In Re Adoption of R. I.

Concurring Opinion by

Mr. Justice Pomeroy :

While I concur in the decision of the Court, I t.binlr it appropriate to emphasize that this is the first time we have held that an indigent parent who is a respondent in a proceeding for involuntary termination of his *35or her parental rights in a child is constitutionally entitled to he represented throughout by counsel.1

Notwithstanding that the law we now announce was not the law at the time of the hearing below, and that there was no request for counsel, the trial judge did advise the respondent (appellant here) that the hearing would be continued, if she wished, to enable her to obtain counsel. The respondent stated that by reason of her employment she could not appear at a subsequent time if the case were continued. After the hearing was concluded, however, and a decree nisi entered, the respondent did follow the suggestion of the court and obtained counsel through the Legal Aid Committee of the Lawrence County Bar Association. Counsel then filed numerous exceptions2 to the decree nisi which were disposed of in the court’s thorough opinion accompanying the final decree. While I agree that, unless knowingly waived, the right to counsel must embrace the crucial hearing stage of a proceeding, it appears that the trial court did in this case and in light of the law then prevailing evidence scrupulous fairness to the respondent.

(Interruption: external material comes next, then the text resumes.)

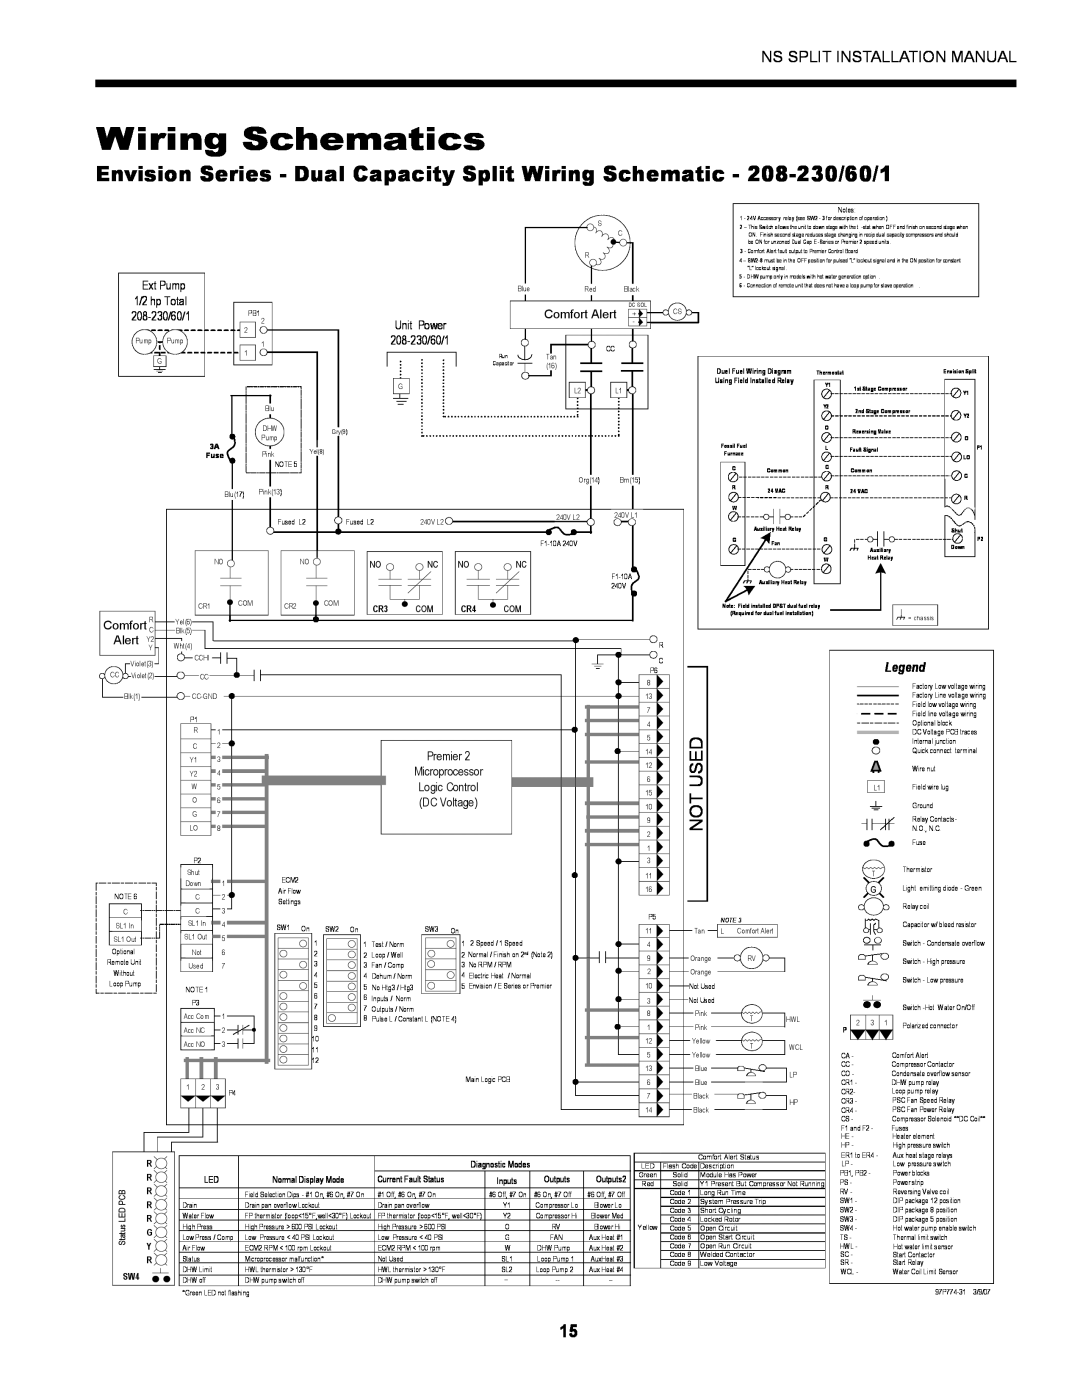 Envision Peripherals Series installation manual Wiring Schematics

I point out, finally, that the right to counsel claim was not presented to the court below. It is raised for *36the first time on this appeal by new (appellate) counsel for appellant. This is justified only on the ground that a basic and fundamental right was involved. See Commonwealth v. Jennings, 442 Pa. 18, 25, 274 A. 2d 767 (1971); White v. Moore, 288 Pa. 411, 136 A. 218 (1927).

This decision is warranted, I think, not only by analogy to the rights to counsel which have been accorded to a criminal defendant and by the rationale of Matter of Ella R. B., 30 N.Y. 2d 352, 285 N.E. 2d 288 (1972) relied on by the Court, but also by such cases as Boddie v. Connecticut, 401 U.S. 371, 28 L. Ed. 2d 113 (1971) (filing fee required for initiating a divorce proceeding prevented access to the courts, in violation of due process), and Stanley v. Illinois, 405 U.S. 645, 31 L. Ed. 2d 551 (1972) (because of the importance of the right to custody of one’s children, due process was violated when the State denied a hearing on parental fitness to an unwed father).

The pleading filed was entitled “Petition to Strike Off Judgment, Stay Proceedings and Dismiss Petition for Involuntary Termination of Parental Rights”, but since no final order had been entered it was treated by the court as properly filed exceptions to the decree nisi.